In your paper, you cite an interesting piece about the optimism bias of
people[0]. Skimming through it, it seems to somewhat support my current belief
that we need _more_ , not less utopias and optimistic visions. To quote from
the ending of the text:

"Overly pessimistic predictions may be demoralizing if these predictions are
believed and, if these predictions are fulfilled, the outcomes that are
obtained may not be very satisfying. Overly optimistic predictions, however,
may confer benefits simply by symbolizing a desired image of success, or more
concretely by aiding people’s progress to higher achievements. Given that
predictions are often inaccurate at least to some degree, it is possible that
people may derive benefits from shifting the range of their predictions to the
positive, even if this means introducing an overall higher rate of error into
the prediction process. Countering optimistic biases in the name of accuracy
may undermine performance without achieving the accuracy that was intended,
whereas the maintenance of optimistic predictions may serve to align us, both
in thought and in action, more closely with our goals."
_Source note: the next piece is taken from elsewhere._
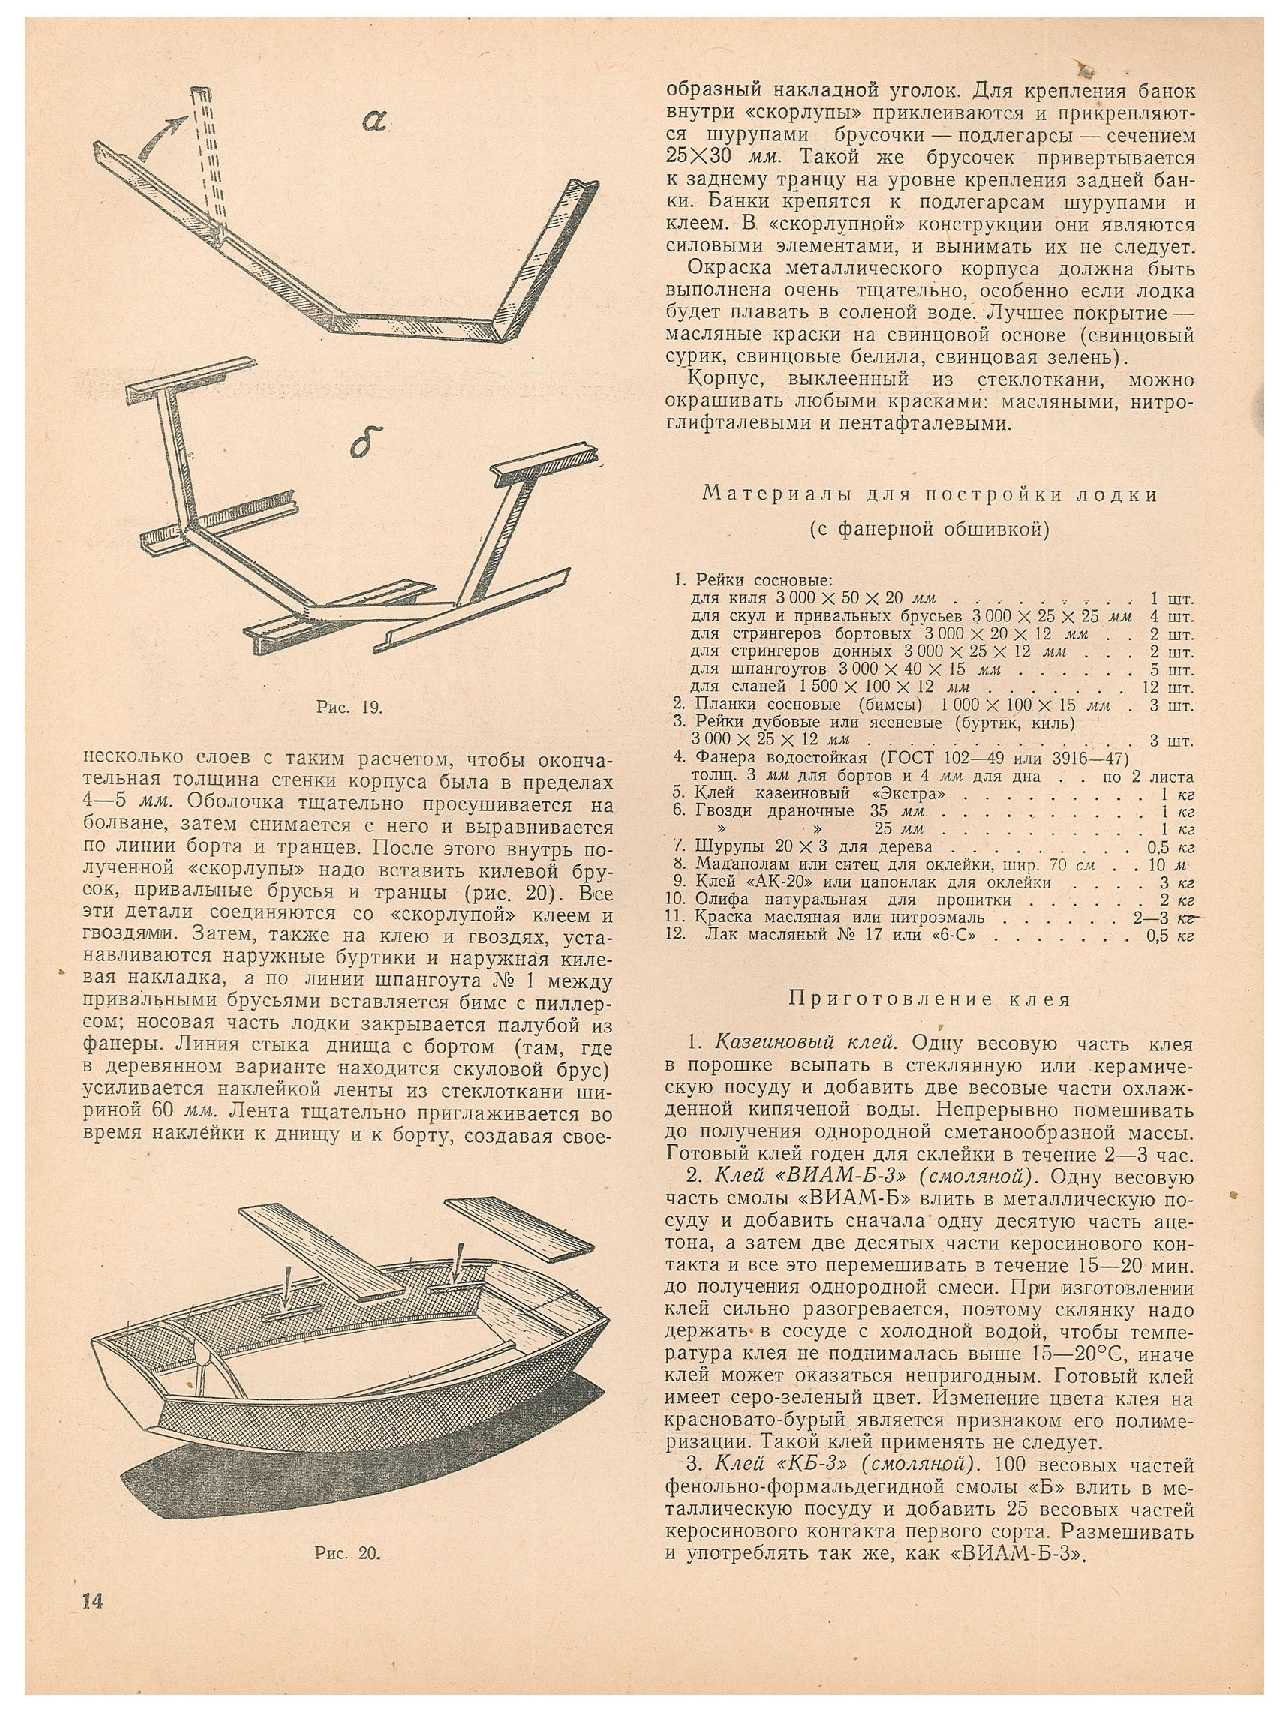 ЮМК 3, 1962, 14 c.

Evaluating dystopias can be useful to avoid disastrous failure modes, but I
feel we shouldn't dwell _too_ much on them, and instead focus on trying to
achieve the optimistic goals the best we can.

\--

[0] - [https://sci-hub.cc/10.1017/CBO9780511808098.021](https://sci-
hub.cc/10.1017/CBO9780511808098.021)

------
divbit
I honestly don't care if there is a "sinister" purpose behind the good scifi
I've read. Fund the next Iain banks please. In fact - throw me $50k to live
for a year and you've got yourself a book - or I can at least guarantee some
words on pages mentioning spaceships / robots, etc.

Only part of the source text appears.